# TiVo Bolt OTA Tuners Fried?



## Me3 (Jan 21, 2018)

Good morning! I have a TiVo Bolt OTA unit connected to an external, roof-mounted antenna. The other morning when I went to watch live TV I found that none of my channels appeared to have any signal. I've tested the antenna by connecting it directly to my TV and I am getting a solid picture so I'm assuming that the antenna is working properly. 

When I run diagnostics they report a 32% signal strength on all channels with a SNR of 13 dB. The RS Uncorrected field continues to count up while the RS Corrected field remains at 0 (zero).

I've reconnected all of the electrical connections on the back of the unit. None of them appeared to have any issues. I've warm-booted (Restart Box) the unit three times during my troubleshooting. I've also cold-booted the unit by removing DC power from the unit for approximately one minute before reconnecting it. Neither of these has solved my problem.

The unit continues to function normally in seemingly all other respects. I'm able to access all of the menus. I'm able to play recorded content. I'm able to access and use Apps.

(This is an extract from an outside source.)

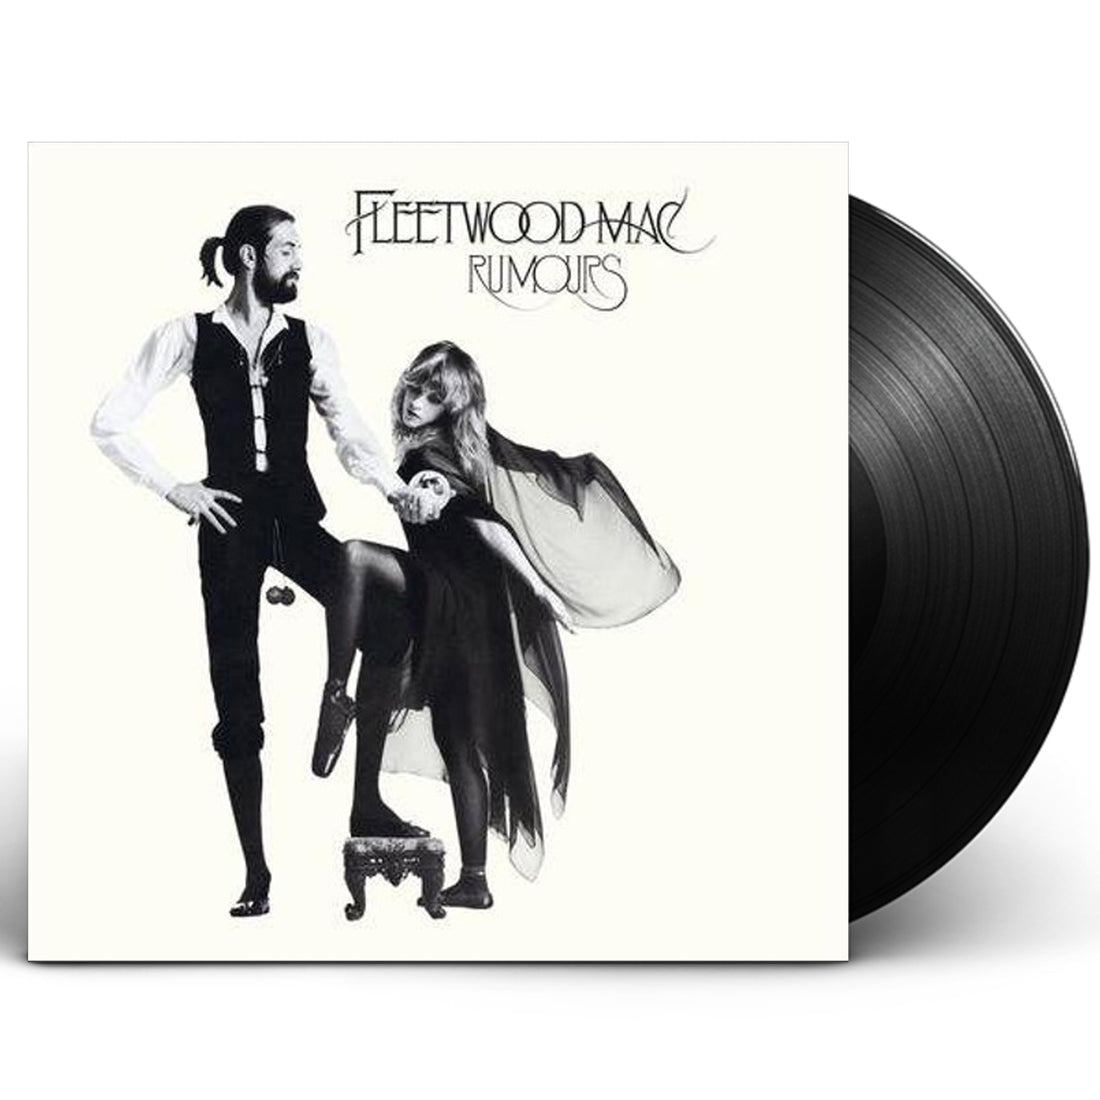 Fleetwood Mac "Rumours" LP Vinyl
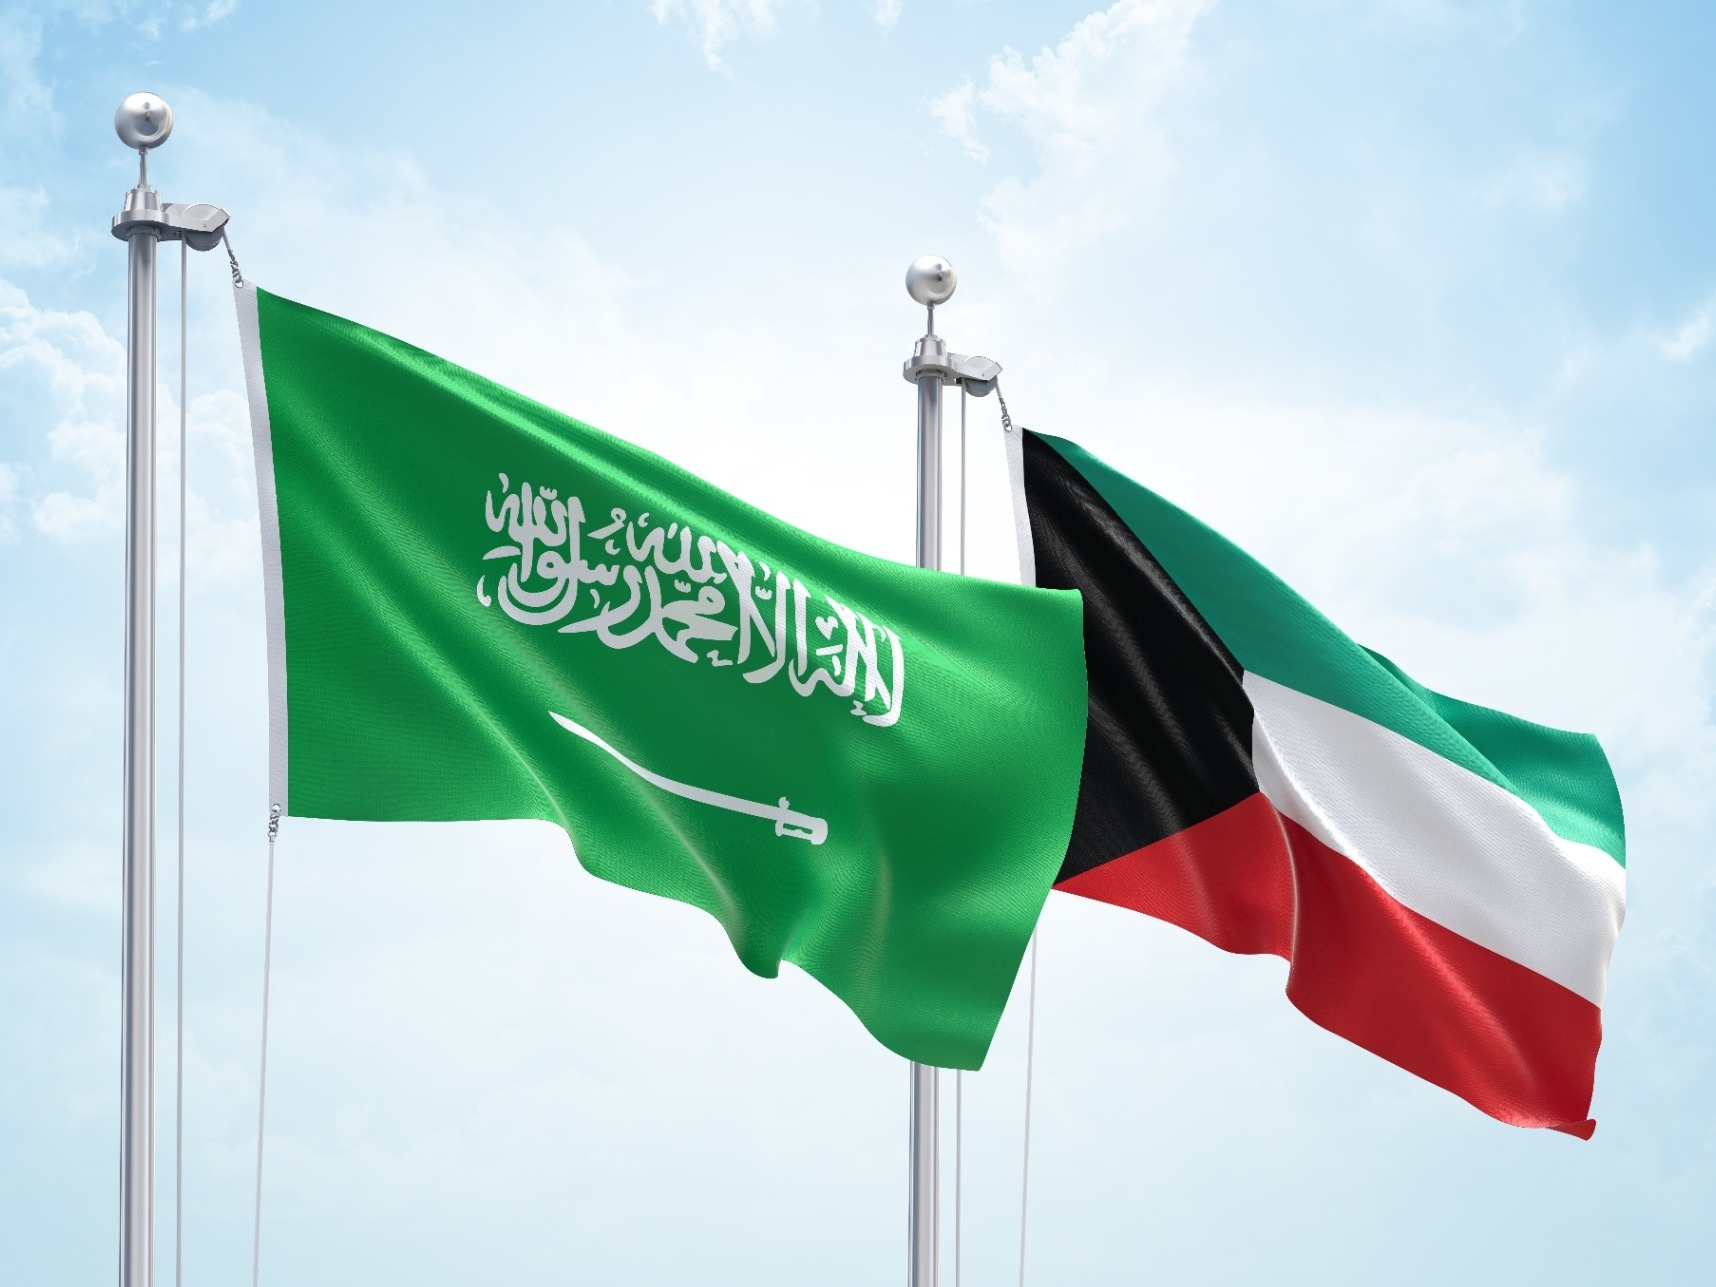 الداخلية الكويتية تعلن إحالة مُغرِّد للجهة المختصة بعد تغريداته المسيئة تجاه رمز سعودي

Does anyone have any suggestions on how to further troubleshoot the problem? Or have I somehow fried my tuners? If the tuners have failed does anyone have any suggestions on how to fix that? Or is my unit ready for the recycle bin?

Thanks for reading!


----------



## LarryAtHome (Feb 18, 2008)

Did your channels change their frequency,,,, affected by the re-pack?
The virtual channel numbers stay the same but the actual channel frequencies change.
If not, do you have any cell phone towers close by? These can affect channels close to actual channel 10.


----------



## kpeters59 (Jun 19, 2007)

I've seen Bolt Tuners need to have the Power unplugged before they would tune properly again...

-KP


----------



## V7Goose (May 28, 2005)

Me3 said:


> I've tested the antenna by connecting it directly to my TV and I am getting a solid picture so I'm assuming that the antenna is working properly.
> 
> When I run diagnostics they report a 32% signal strength on all channels with a SNR of 13 dB.


Did you use the exact same cable when testing on the TV directly? In other words, did you simply disconnect the cable from the Bolt and move it to the TV, without changing any other connections? That is the only true test of the antenna and cable plant. And even then, just moving a cable around can cause signal strength to change if any of the connections are loose or otherwise damaged.

Let's assume you did that test correctly, and have already checked for loose connections on all cable ends (including any splitters). Then the problem would certainly appear to be in the Bolt. 32% is way too low for any channel reception (40% is about the minimum for reliable picture), so the only real possibility besides a bad Bolt is the actual cable connection at the back of the Bolt. First, remove the cable and make sure that center copper wire is not broken off. If that looks good, and the cable end it solidly fixed to the cable, then reconnect it to the Bolt and gently and slowly wiggle it around while watching the diagnostics screen for signal strength. This will check if the connection between the coax connector and the internal circuit board is damaged - that is really the only thing you could expect to fix if the Bolt itself is bad.


----------



## Me3 (Jan 21, 2018)

Thank you, all! I appreciate your help with this. I had TiVo re-scan my channels but no channels were found. I have no cell towers nearby. I did unplug and then re-plug power to the unit but observed no change in behavior. Finally, I removed the antenna connection from my TV (working) and ran it directly to my TiVo. Even after wiggling the cable around at the connector I am still unable to receive ANY channel. 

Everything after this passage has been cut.